Jumat 27 Dec 2019 22:19 WIB

PT KCI Ajak Masyarakat Lawan Pelecehan di KRL

KCI mencatat 35 kasus pelecehan berasal dari keberanian korban untuk melapor

Sejumlah calon penumpang menunggu KRL di Stasiun Manggarai, Jakarta, Selasa (29/10/2019).
Foto: Antara/Muhammad Adimaja
Sejumlah calon penumpang menunggu KRL di Stasiun Manggarai, Jakarta, Selasa (29/10/2019).

REPUBLIKA.CO.ID, JAKARTA --  PT Kereta Commuter Line Indonesia sebagai operator Kereta Rel Listrik mengajak masyarakat untuk melawan pelecehan seksual di transportasi umum termasuk di KRL.

Dalam kaitan itu, KCI menggandeng Koalisi Ruang Publik Aman dan komunitas Anker (Anak Kereta) Twitter untuk sosialisasi lawan pelecehan seksual di KRL.

"Tidak hanya lewat 'standing banner' di 80 stasiun yang kami sebar, tetapi melibatkan media sosial, kemudian mengajak masyarakat siapa saja melawan pelecehan seksual," ujar Anne di Jakarta, Jumat (27/12).

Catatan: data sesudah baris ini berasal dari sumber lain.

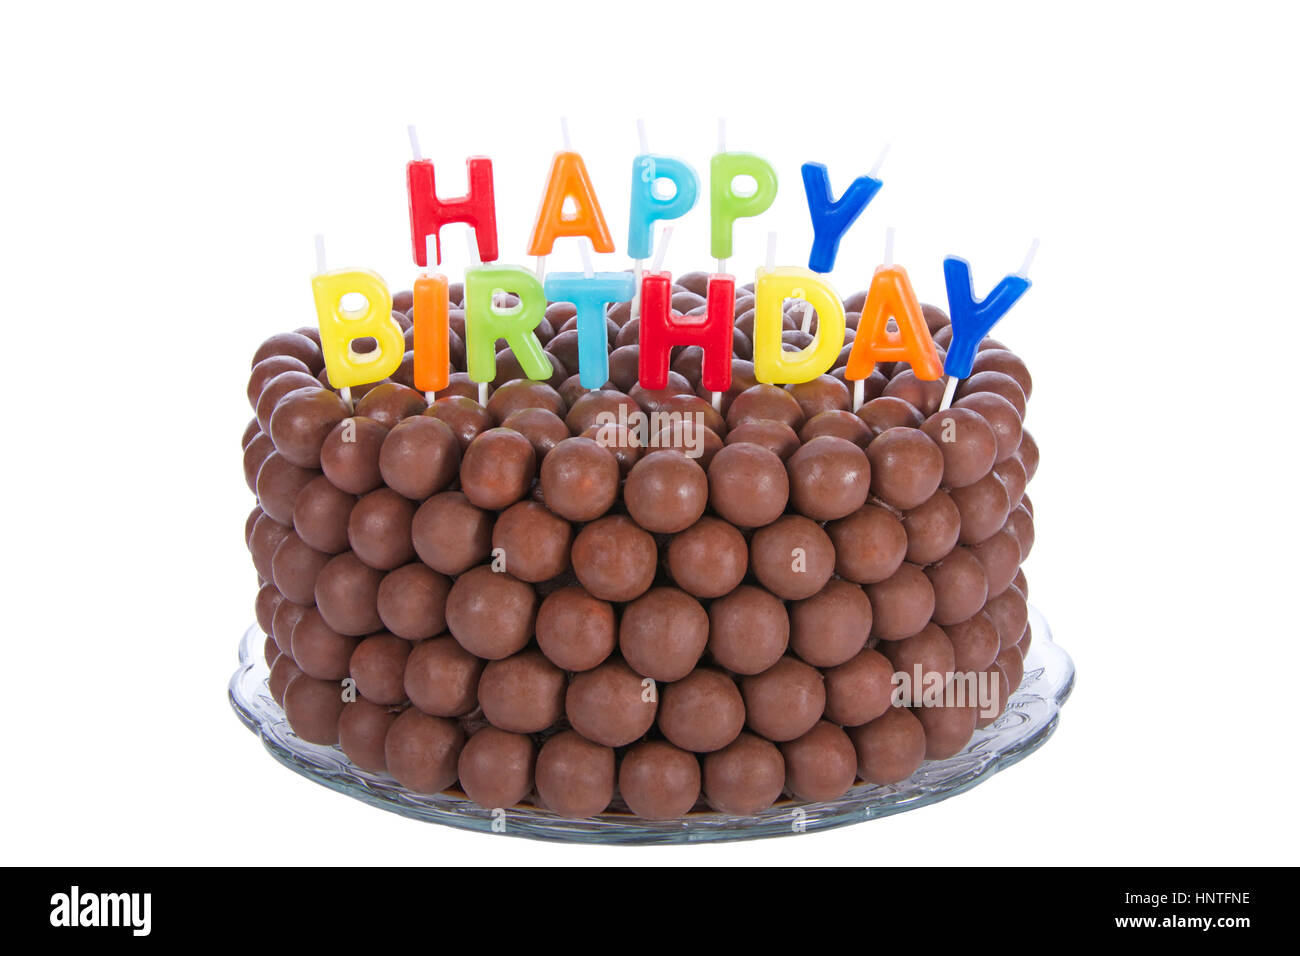 Fantastische Schokolade Kuchen Mit Sussigkeiten Malz Kugeln Mit

Anne berharap kampanye yang gencar dilakukan bersama sejumlah komunitas tak hanya untuk mencegah pelecehan seksual di dalam kereta, namun mendorong keberanian dari korban maupun saksi melaporkannya ke pihak berwenang.

KCI mencatat sebanyak 35 kasus pelecehan seksual tahun 2019 berasal dari keberanian saksi maupun korban melaporkan pelecehan seksual. "Ini meningkat dibanding tahun 2018 dimana ada 34 kasus dan di tahun 2017 hanya 18 kasus yang dilaporkan," kata Anne.

Pihaknya gencar lakukan sosialisasi pencegahan pelecehan seksual di sejumlah titik, baik di dalam gerbong maupun di area stasiun dengan mengaktifkan petugas dalam kereta dan peron yang bertindak aktif menangani kasus secara tepat dan sesuai prosedur.

Selain itu, korban dan pelapor dapat menghubungi nomor telepon 021121 untuk melaporkan pelecehan seksual yang dialami hingga mendapat pendampingan KCI kepada pihak Kepolisian.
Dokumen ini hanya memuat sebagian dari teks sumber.